Over the last few years, the Derbyshires have invited the neighborhood to their front yard for Christmas, working with members from their local church to present a living nativity scene. Friends, neighbors and acquaintances sit on mats spread on the grass, nibble cookies and leaf through tracts explaining who Jesus is.
“It’s (usually) the first time any of them have heard the Christmas story,” Cheryl says. “Often, in a culture like that, it takes seven to eight years for the gospel to penetrate.”
Keeping Christmas traditions alive so far from family, friends and winter weather presents its own challenges, the Derbyshires say. But they make the most of it — taking a day to exchange cards and gifts, play games and just spend time together as a family.
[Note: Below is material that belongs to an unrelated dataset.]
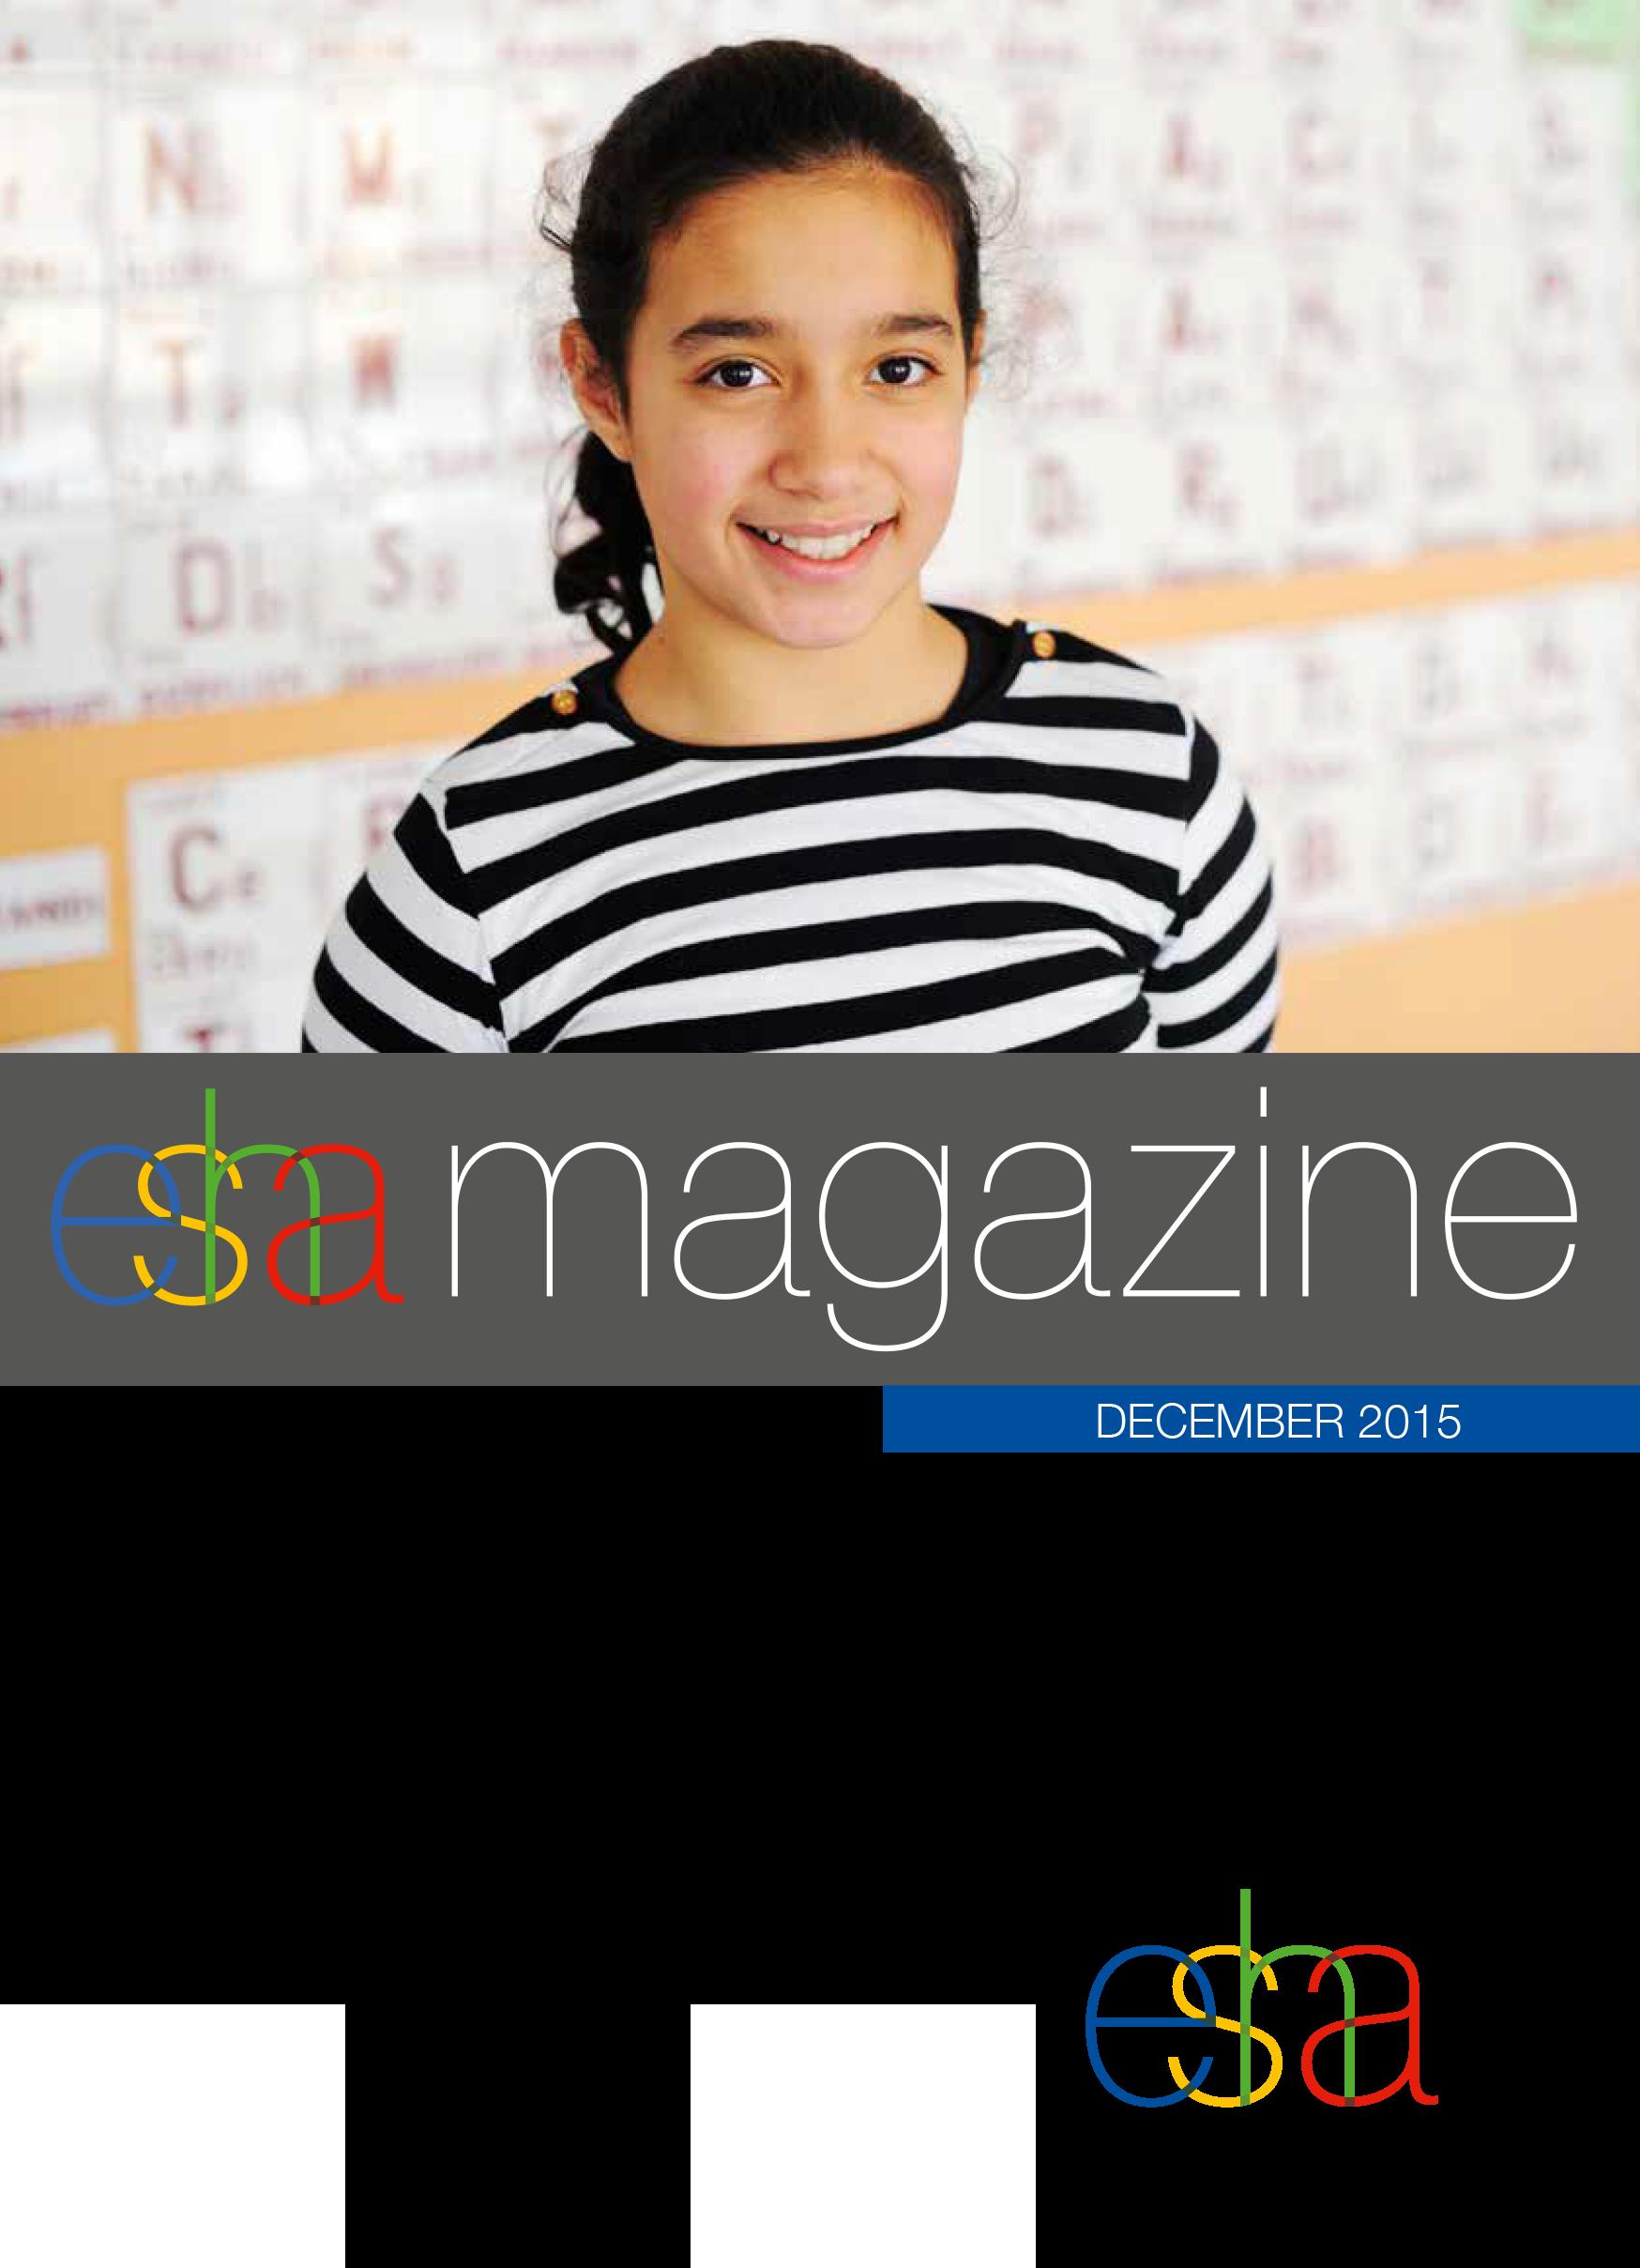 esha-magazine-december-2015-1-kopieren

Their four children enjoy dressing up as sheep for the living nativity scene.
They still remember the day — their first Christmas day in Thailand — when the mail arrived with six boxes of gifts for the kids, all from their Sunday school class at North Phoenix Baptist Church.
“It was a special time,” Doug says, “knowing they hadn’t forgotten us … that folks back here were partnered with us,” a partnership embodied in an odd-colored, Lottie Moon Christmas Offering envelope and the year-round hope of salvation for lost souls in Thailand.